The day-to-day pressures of being in the construction industry can affect a leader’s level of patience with regards to the processes that are needed to grow others into effective team members. Pressures to meet budgets and timelines can override the Law of Process. Team member attitudes can also take away from the desire to want to train and build others.
It is important to remember the Tay Bridge and realize the similarity between building leaders and building a construction project.

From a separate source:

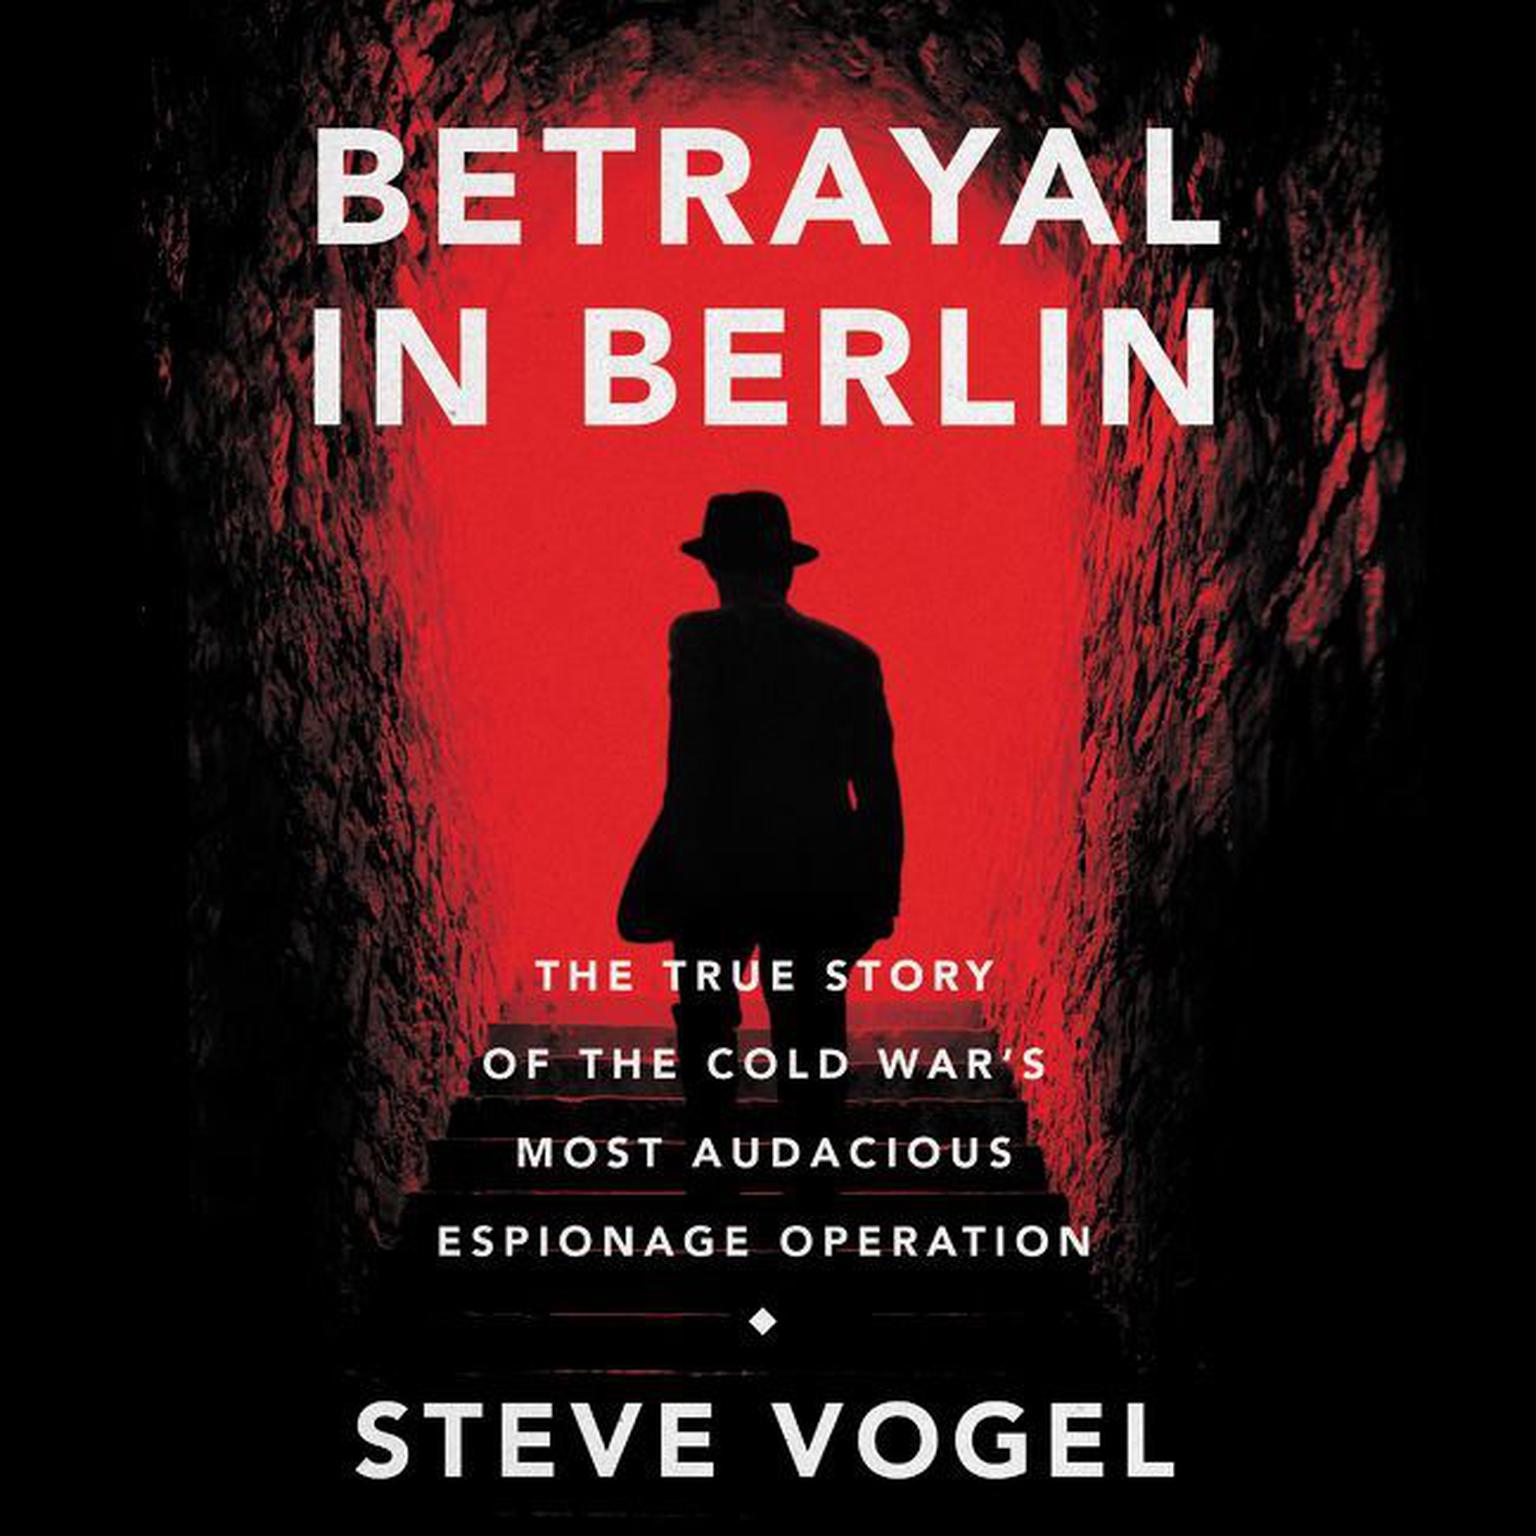 Betrayal in Berlin: The True Story of the Cold Wars Most Audacious Espionage Operation Audiobook, by Steve Vogel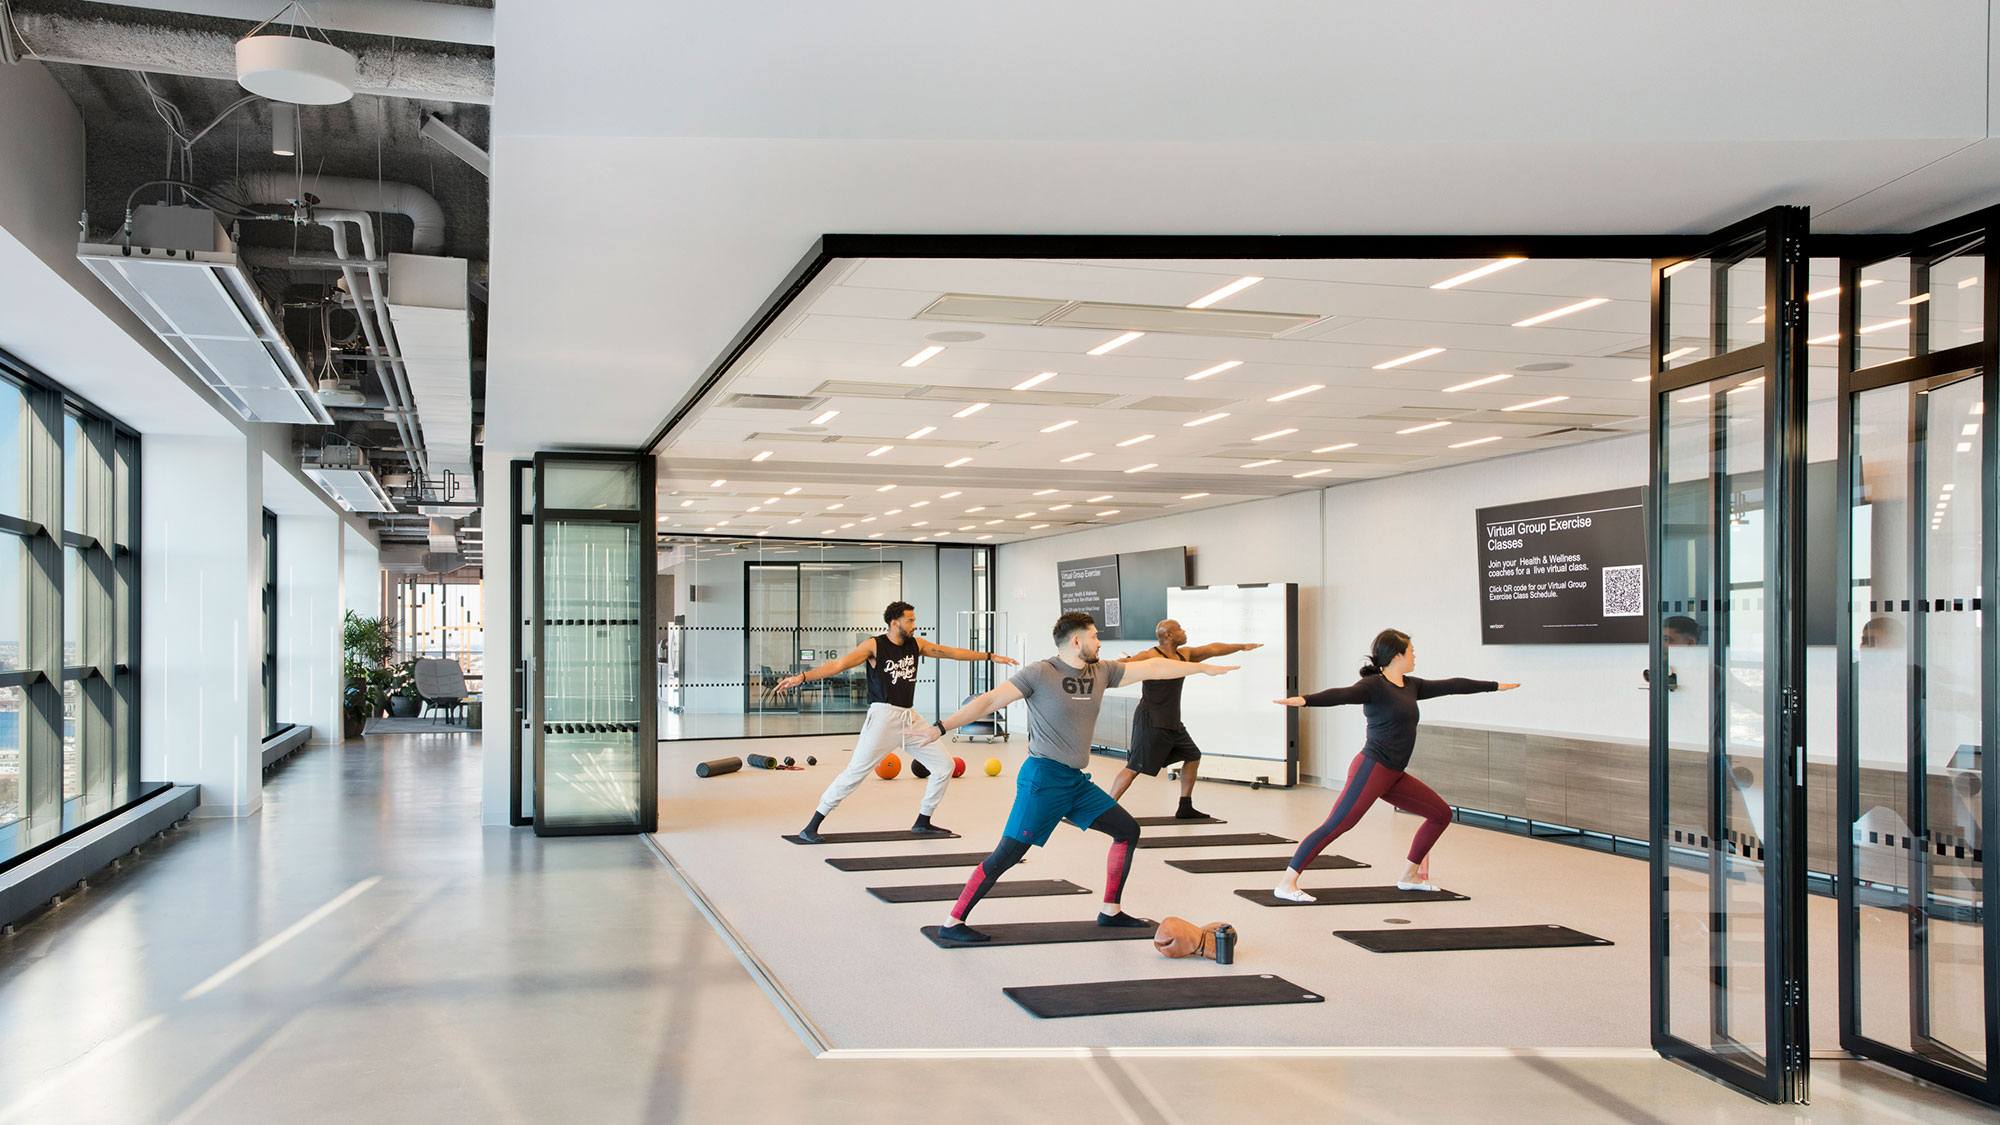 Verizon at The Hub, Boston office building. Photo: Connie Zhou, courtesy of Gensler.

Projects do not reach completion overnight. There is a process. And if you attempt to rush the process, the long-term effects on performance can be devastating.
Allow time for leaders and team members to grow. Allow them to proceed through the process of becoming leaders and highly skilled craftsmen. You cannot rush the process any faster than you can do it effectively.
The opposite risk is true as well – being careful not to allow anyone on the journey to become arrested or trapped at any level. Sometimes through no fault of their own, individuals on the journey can get derailed. Make sure that they are continuing on their growth journey. Challenge them to grow past their current position.